He marshaled the forces of government to battle the pandemic, which had fundamentally changed the norms of everyday society and, about a month into Biden’s term, the death toll reached half a million. The president held a moment of silence outside the White House and delivered sunset remarks on the terrible American milestone. A president whose own life has been marked by family tragedy, Biden spoke at the COVID memorial in deeply personal terms, referencing his own losses as he tried to comfort the huge number of Americans whose lives had been forever changed by the pandemic.
“We often hear people described as ordinary Americans. There’s no such thing,” he said. “There’s nothing ordinary about them. The people we lost were extraordinary.
“I know all too well. I know what it’s like to not be there when it happens,” said Biden, who has long addressed grief more powerfully than perhaps any other American public figure. “I know what it’s like when you are there, holding their hands, there’s a look in your eye and they slip away.”
For a nation that had spent nearly a year of the pandemic being gaslighted about its severity, Biden’s words were bracing and, to some, refreshing. Every day, he’d pull out the card tucked in his right jacket pocket, a printed version of his daily schedule. But there were other items printed on it too.
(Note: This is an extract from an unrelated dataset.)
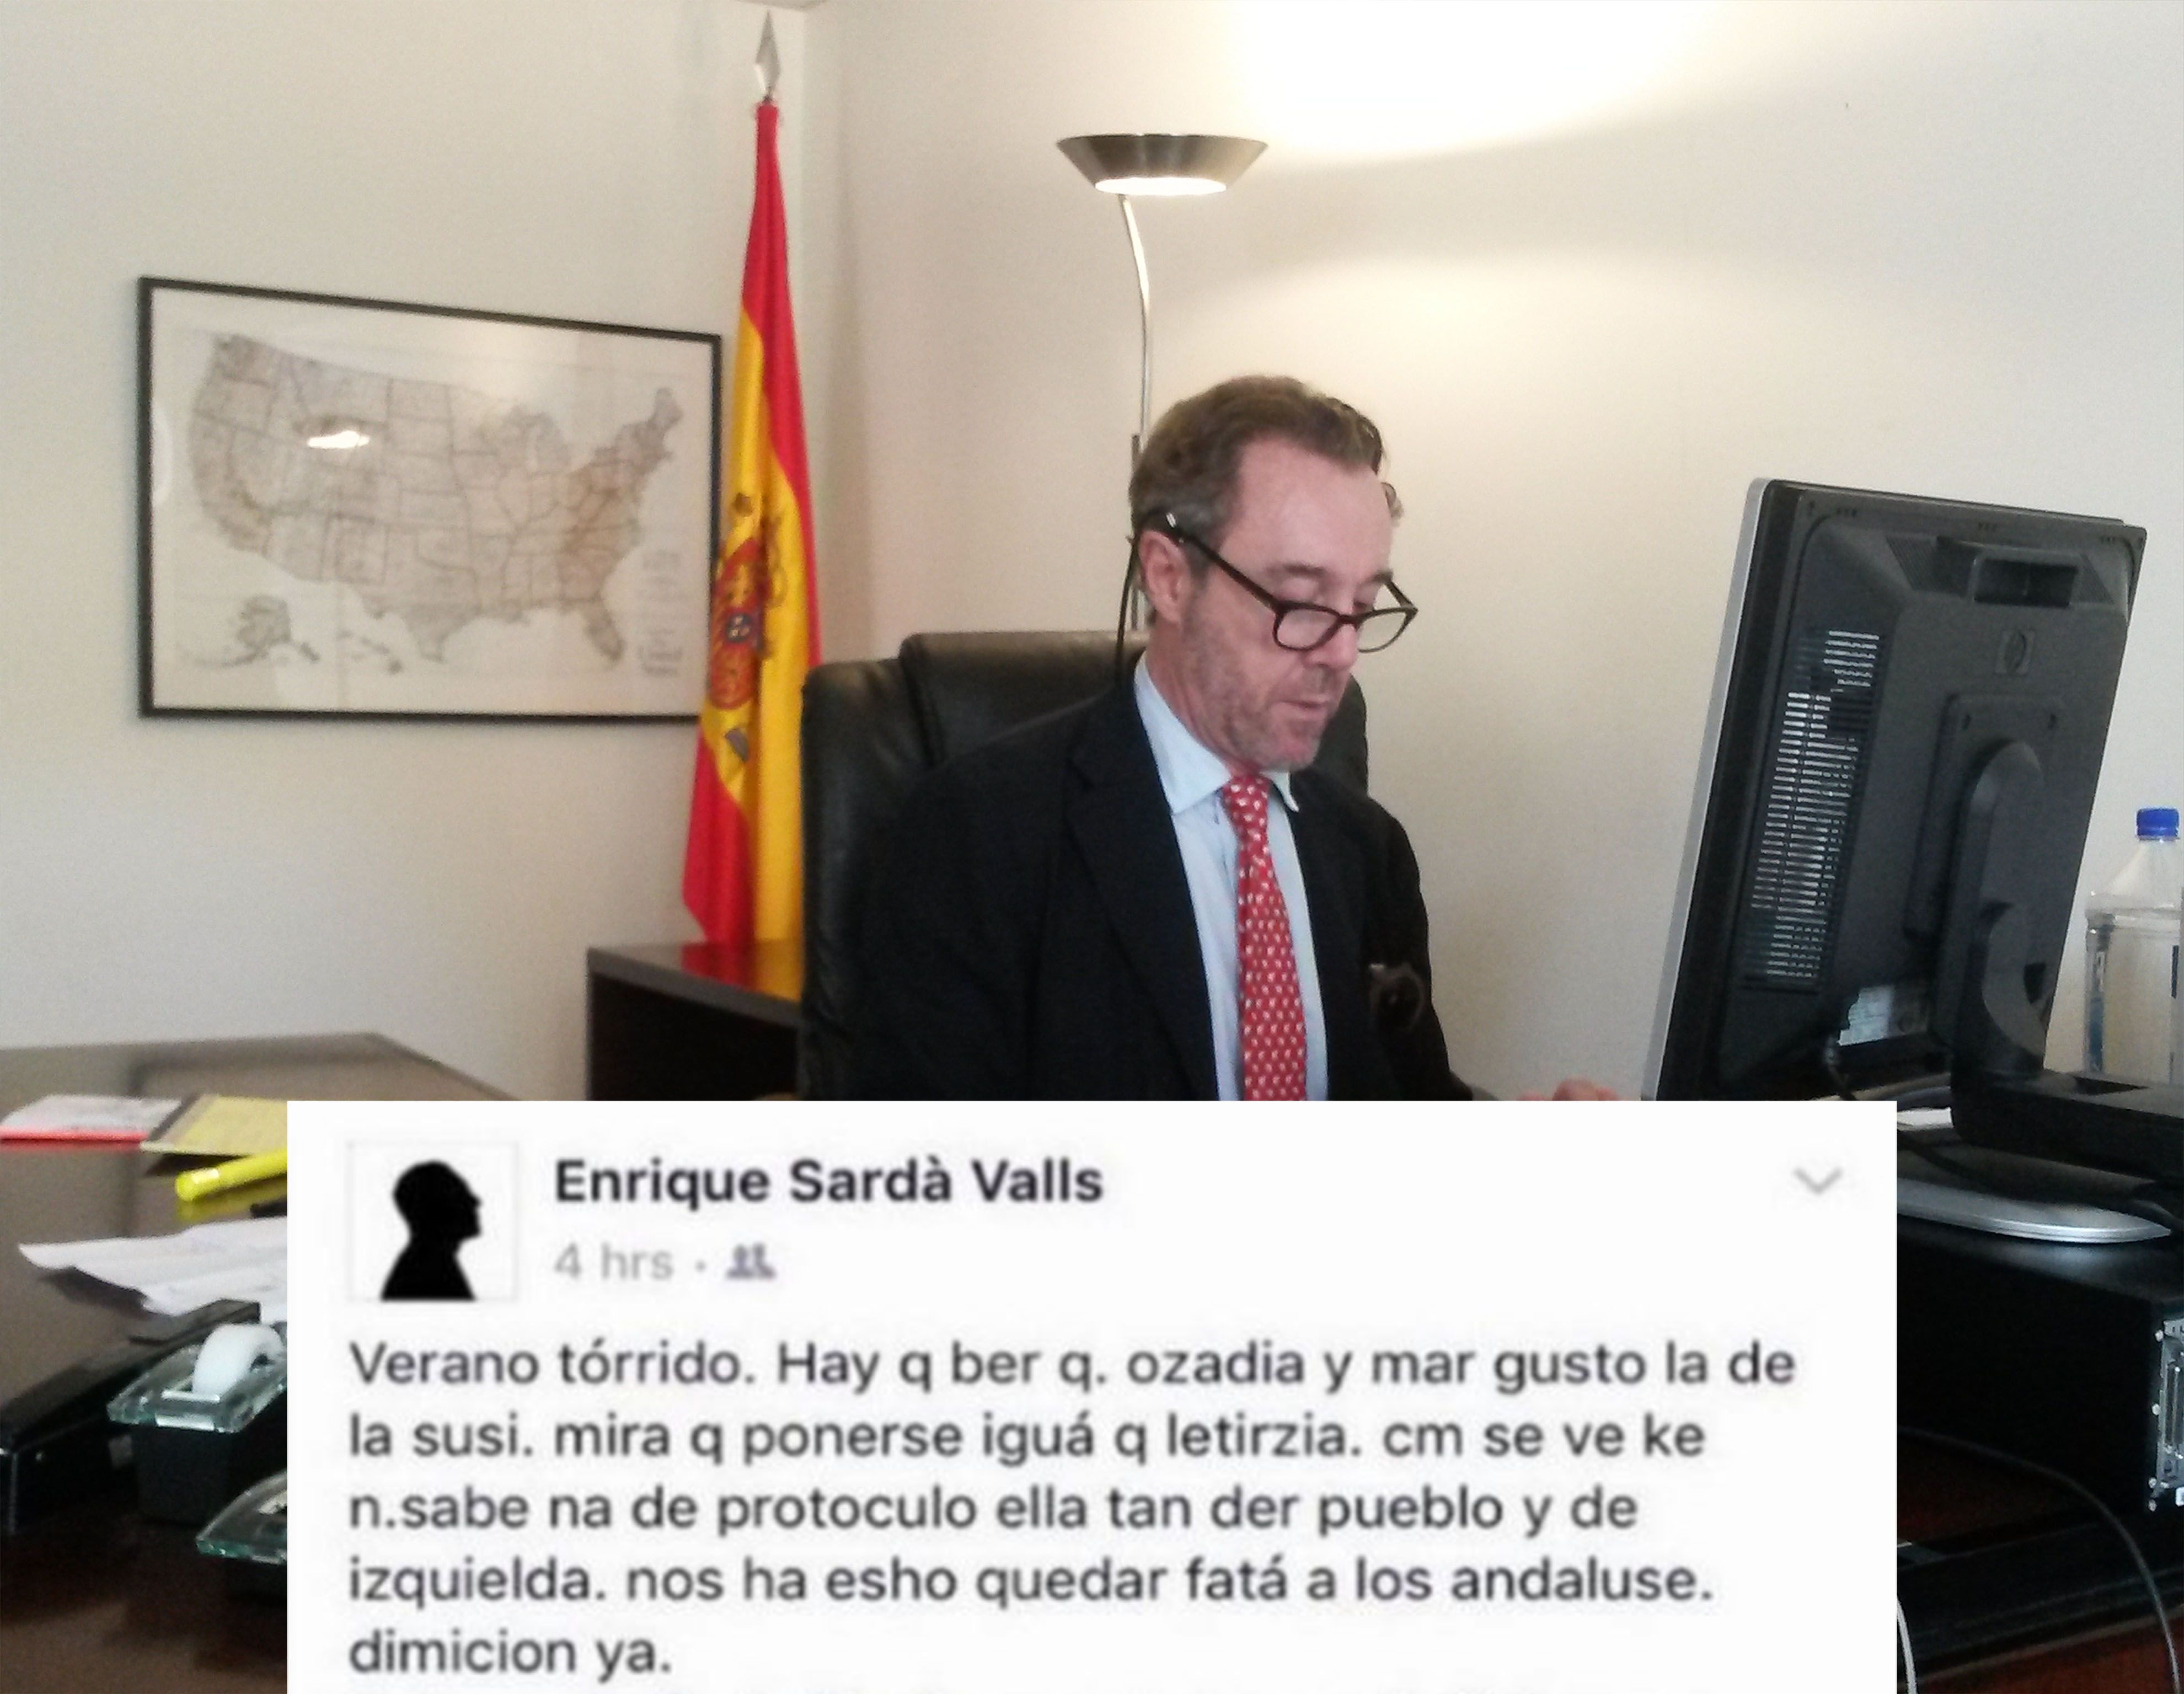 consul_espanol_mofa_acento_andaluz.jpg

Very sad ones.
The card listed the number of Americans killed in Afghanistan and Iraq, which always made him think of his son Beau, whose cancer developed not long after his return from serving in the Middle East. Also on it: the daily numbers of vaccine doses administered, the previous day’s virus deaths, the daily hospitalizations, and the cumulative death toll. The weight of those numbers was seen on his face when, at public events, he would dig it out, squint, and ever-so-slowly read aloud the latest tally of COVID-19 dead.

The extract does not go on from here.